All this hypocritical behavior by most of the mis-informed public that I'm writing about is how Layne Staley felt as well. Not so much "felt" but KNEW. It's a fact: drug addicts are unfairly labeled to be bad or stupid or both. And if the criminal stigma attached to drug use was taken away, heroin users would be considered much more stable and respon The fact is, while high on heroin one can function quite well, be able to think clearly, work hard, and act very polite and mature in social situations. Not so with an alcoholic.

Layne wrote this song to poke fun at the utterly rediculous views some people have about drugs. He is somewhat obnoxious about it because I feel he was aggravated by having to live the dual life necessary when being addicted to heroin. It gets old fast. No one like to hide and be looked at as a criminal. He was lashing out, giving the finger to a society that just does not understand how ignorant they are, while being hypocritical at the same time.

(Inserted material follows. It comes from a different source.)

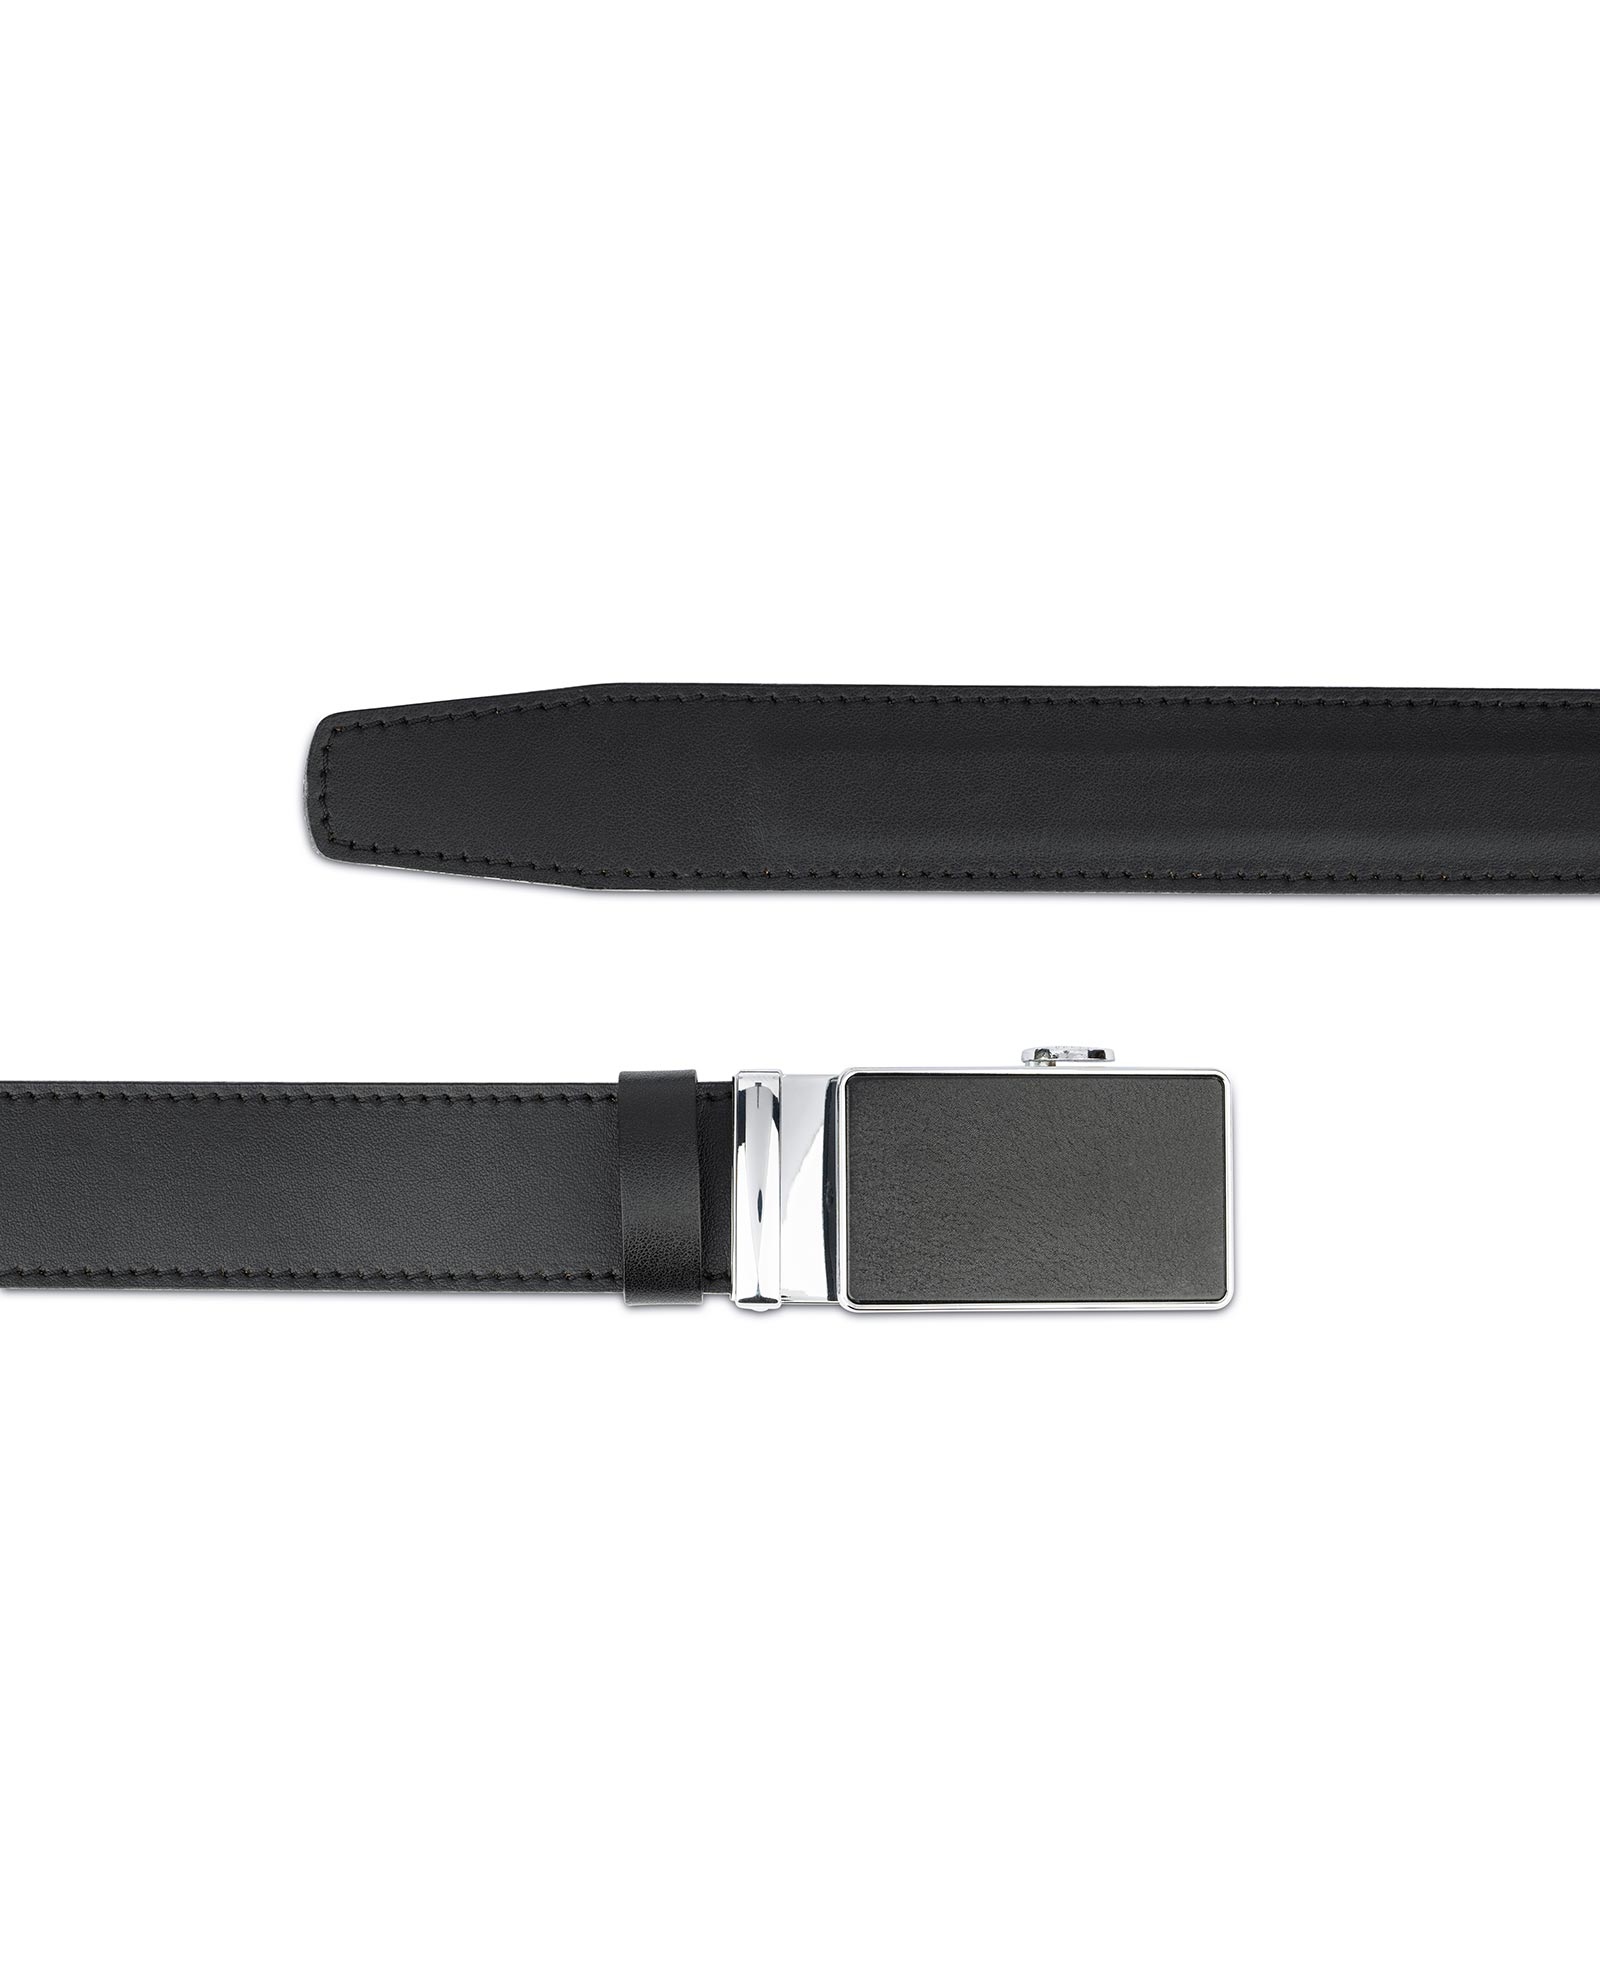 Buy Black Ratcheting Leather Belt for Men | LeatherBeltsOnline.com

Also in the song he pokes fun at society's obsession with status and money. He taunts and intimidates them, letting them know they won't even get close to understanding about drugs in school ("You can’t understand a user’s mind But try, with your books and degrees"). He lets everybody know how to learn what it's all about ("If you let yourself go and opened your mind -
I’ll bet you’d be doing like me - And it ain’t so bad")and I just know deep down that he had a shit-eating grin when he wrote those last 3 lines.

The lesson to be learned by the things this song brings up, is that drug use simply does not pay in this day and age. It killed Layne Staley way too early in life, at the prime of his career. Maybe in another time, another place, he would have lived. Maybe he wouldn't have tried to stash himself away like that and drug himself to death if our country had different views on what we decide to put in our own bodies. We might never know. How many over-doses do we have to hear about in the news, in the papers, IN OUR OWN IMMEDIATE OR EXTENDED FAMILIES. We all know someone who was or is an active user. Don't turn your backs on them when times get rough, you just might save their life.